No, la vez pasada sí sabían, porque se había publicado que yo me iba a hacer el procedimiento. Esta vez yo les dije: “No, yo voy y vuelvo” a la gente que está conmigo todo el tiempo. Lo quiero hacer como más privado y no involucrar a tanta gente, porque en octubre sufrieron mucho.

¿Cómo te sentiste en octubre, cuando te cancelaron el procedimiento, y cómo te sentís ahora? ¿Sentís lo mismo, te sentís más tranquila?

Cuando me lo cancelaron yo dije: “Todo pasa por algo y es cuando Dios quiera, no es cuando Martha Sepúlveda quiera”. Yo dije, bueno, “vámonos”. Yo realmente no creí que la tutela la fueran a aprobar tan rápido. Porque yo le dije a Fede: “No, vámonos” y a esperar. Y resulta que la aprobaron muy rápido, gracias a Dios.
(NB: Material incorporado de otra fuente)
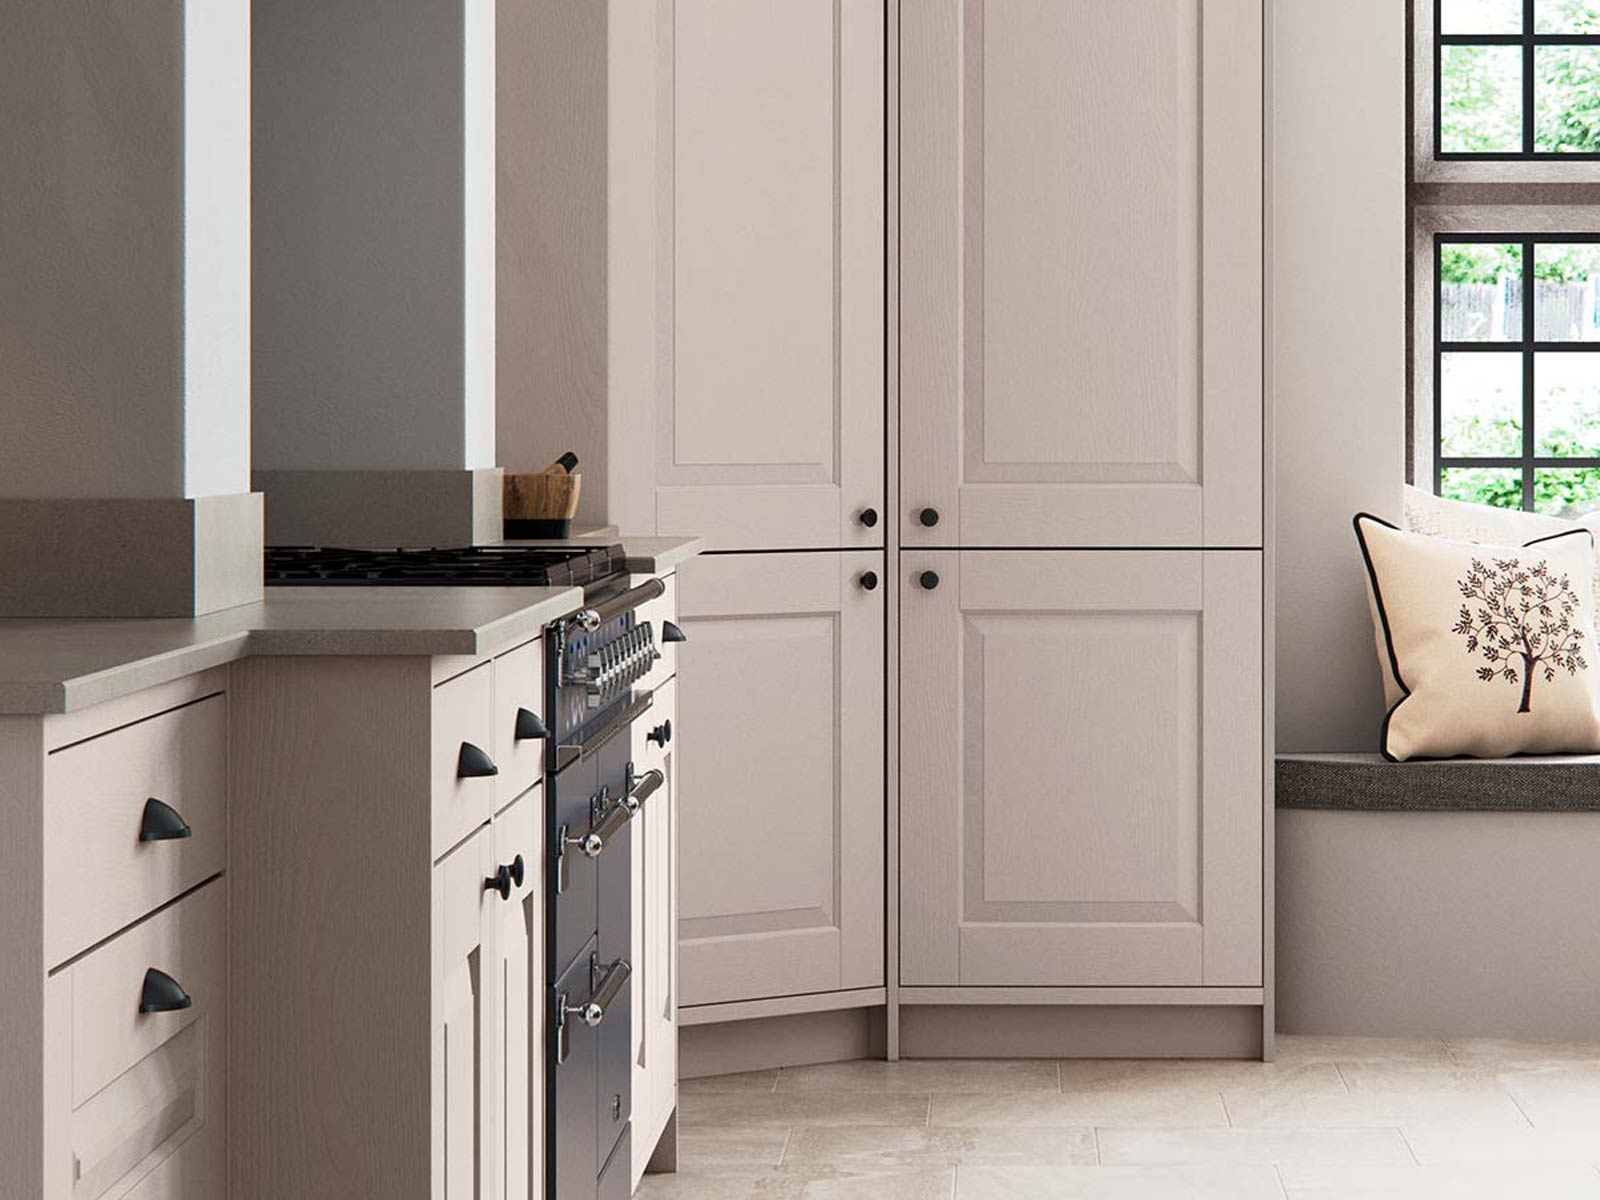 A classic kitchen featuring a corner pantry cupboard with light doors

Cuando me llamaron nuevamente a decirme que ya la habían aprobado, pues yo les dije eso, les dije: “Mi voluntad sigue siendo la misma, pero voy a esperar unos días”, que eran fin de año. ¿Cómo me siento hoy? Tranquila, tranquila. Agradecida con Dios porque yo creo que él está parando este sufrimiento. Me parece que es una enfermedad muy cruel, uno no poderse mover. Ya uno no disfruta nada. Entonces, pues, yo pienso que uno aquí vino a ser feliz hasta donde se pueda. Es como el temor de que ya te vas a volver a caer y que uno, pues, no puede hacer absolutamente nada por sí misma. Entonces, yo creo que tranquila porque voy a descansar en este momento y ya veo que ahora sí es una realidad que me van a hacer el procedimiento.

Se ha especulado que la clínica Incodol recibió presiones, incluso amenazas por parte de funcionarios del Gobierno Nacional de que los iban a cerrar y que por eso cancelaron ilegalmente el procedimiento, lo que tú ya sabes que te sucedió. ¿Qué quisieras decirles a esos altos funcionarios que intentaron atravesarse en tu decisión?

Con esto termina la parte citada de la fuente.